Tran Quoc Phuong, deputy minister of planning and investment, said during the work session that Vietnam has achieved many socioeconomic goals. But he acknowledged that four targets have not been met: GDP growth, GDP per capita, the rate of trained labor in the workforce and the unemployment rate in urban areas.

GDP growth covering 2016-19 averaged 6.8%, Phuong said. But Vietnam’s economy was hit hard by the coronavirus pandemic this year. While many neighboring countries have negative growth forecasts, Vietnam is expected to remain in positive territory with a rate of about 2%, Dautu reported. But the slowdown in 2020 reduced average GDP growth over the five years to 5.8%.

“In the first four years, the economy performed quite smoothly, but the final year [2020] was unpredictable and unimaginable,” Phung Quoc Hien, vice chairman of the National Assembly, Vietnam’s parliament, said during the meeting. “COVID-19 upended the environment.”

“[The slowdown in] 2020 is due to the influence of COVID-19, so it is force majeure,” said Nguyen Chi Dung, the minister of planning and investment. But he also said the pandemic’s impact needs to be appreciated not only in assessing the past five years but also in preparing the next five-year plan.

The growth target proposed for the 2021-25 socioeconomic plan is just the initial sketch, as Hanoi illustrates an economy led by manufacturers and digital elements. Vietnam seeks to become a new hub of a regional supply chain benefiting from trade and tech tensions between the U.S. and China.

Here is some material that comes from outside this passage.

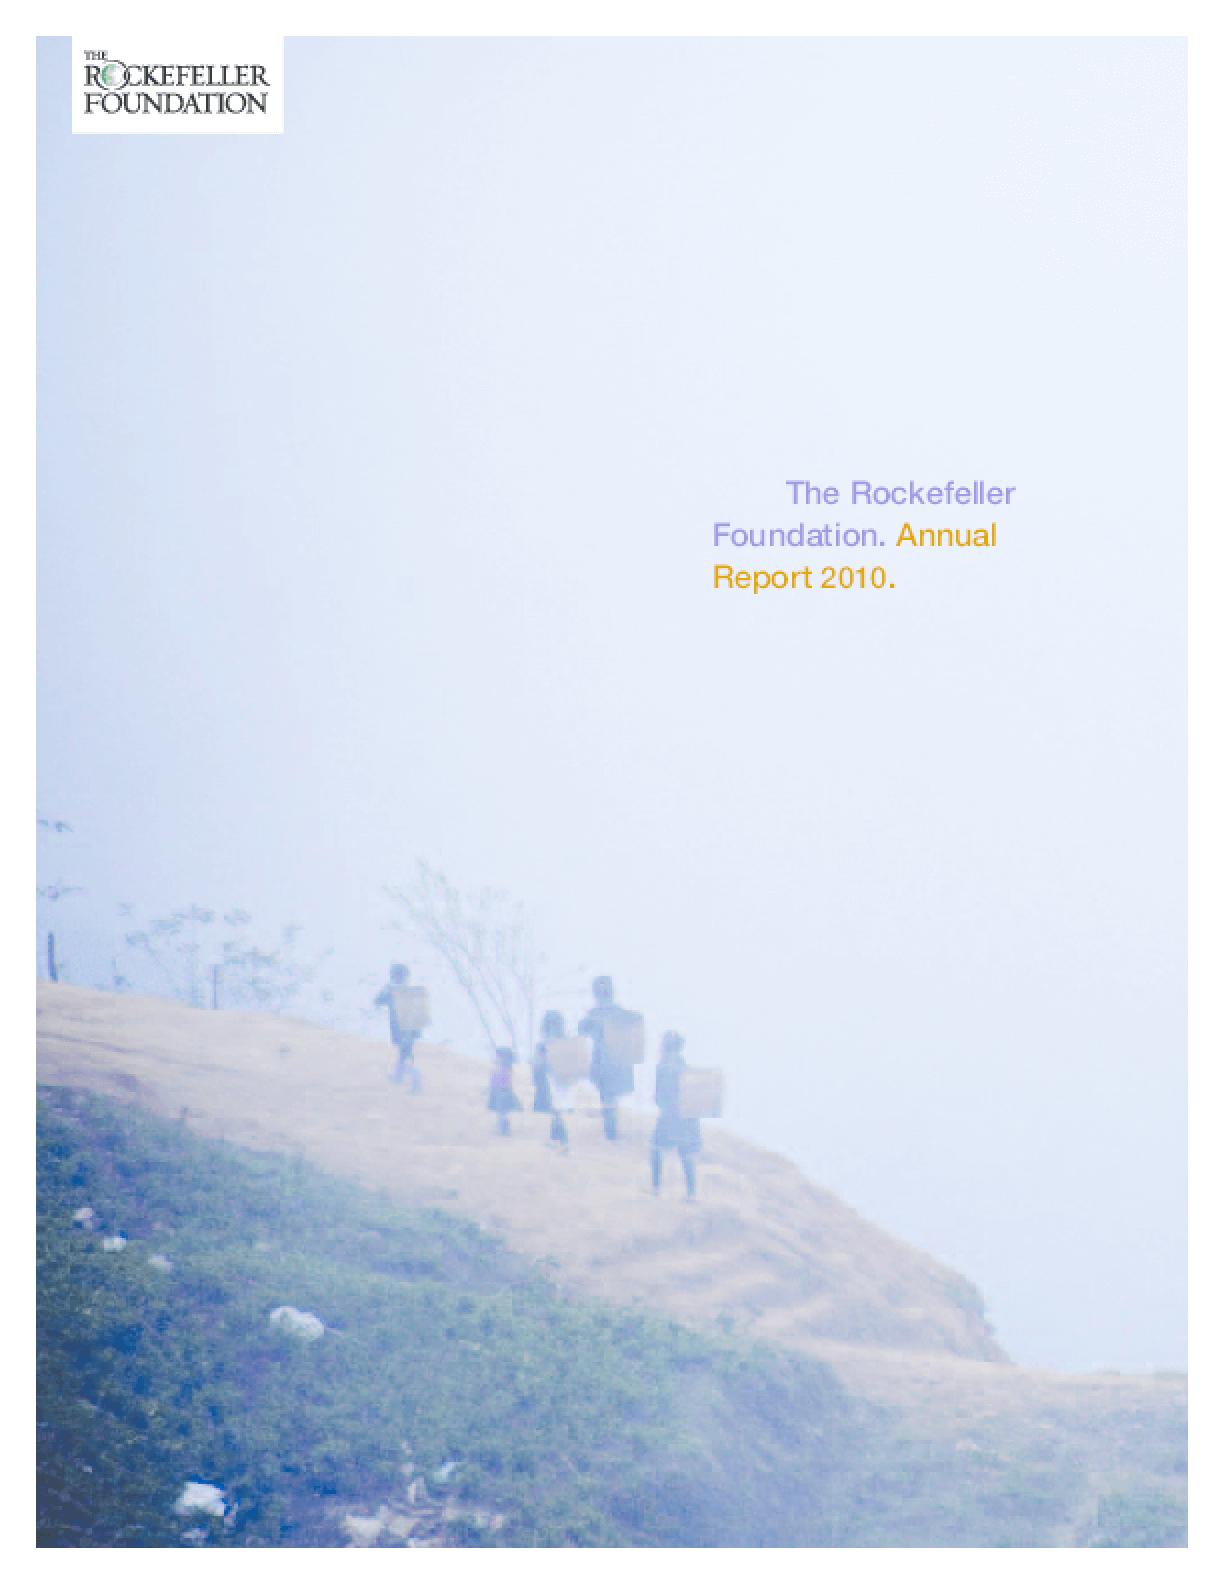 Rockefeller Foundation 2010 Annual Report

“The overall goal is to achieve a higher economic growth rate than the five-year average of 2016-2020, and by 2025 cementing a position as a developing country with modern industrialization, surpassing low middle income economy,” the planning ministry said in the meeting.

But Vietnam has failed to reach GDP growth targets for three consecutive five-year periods. The economy missed the targets of 7.5% to 8.0% for 2006-10 and 7.0% to 7.5% for 2011-15, delivering 7% and 5.9% growth during those periods, respectively.

The country achieved 7.51% growth for 2001-05, hitting its target of 7.5% to 8.0%.

The new five-year plan will be the eighth since the Communist Party adopted Doi Moi in 1986 — reforms aimed at achieving a socialist-oriented market economy.

Attendees at the ministry’s work session agreed on the need to formulate and carry out the socioeconomic goals carefully.

“In 2021, the situation is still going to be very difficult,” Hien said.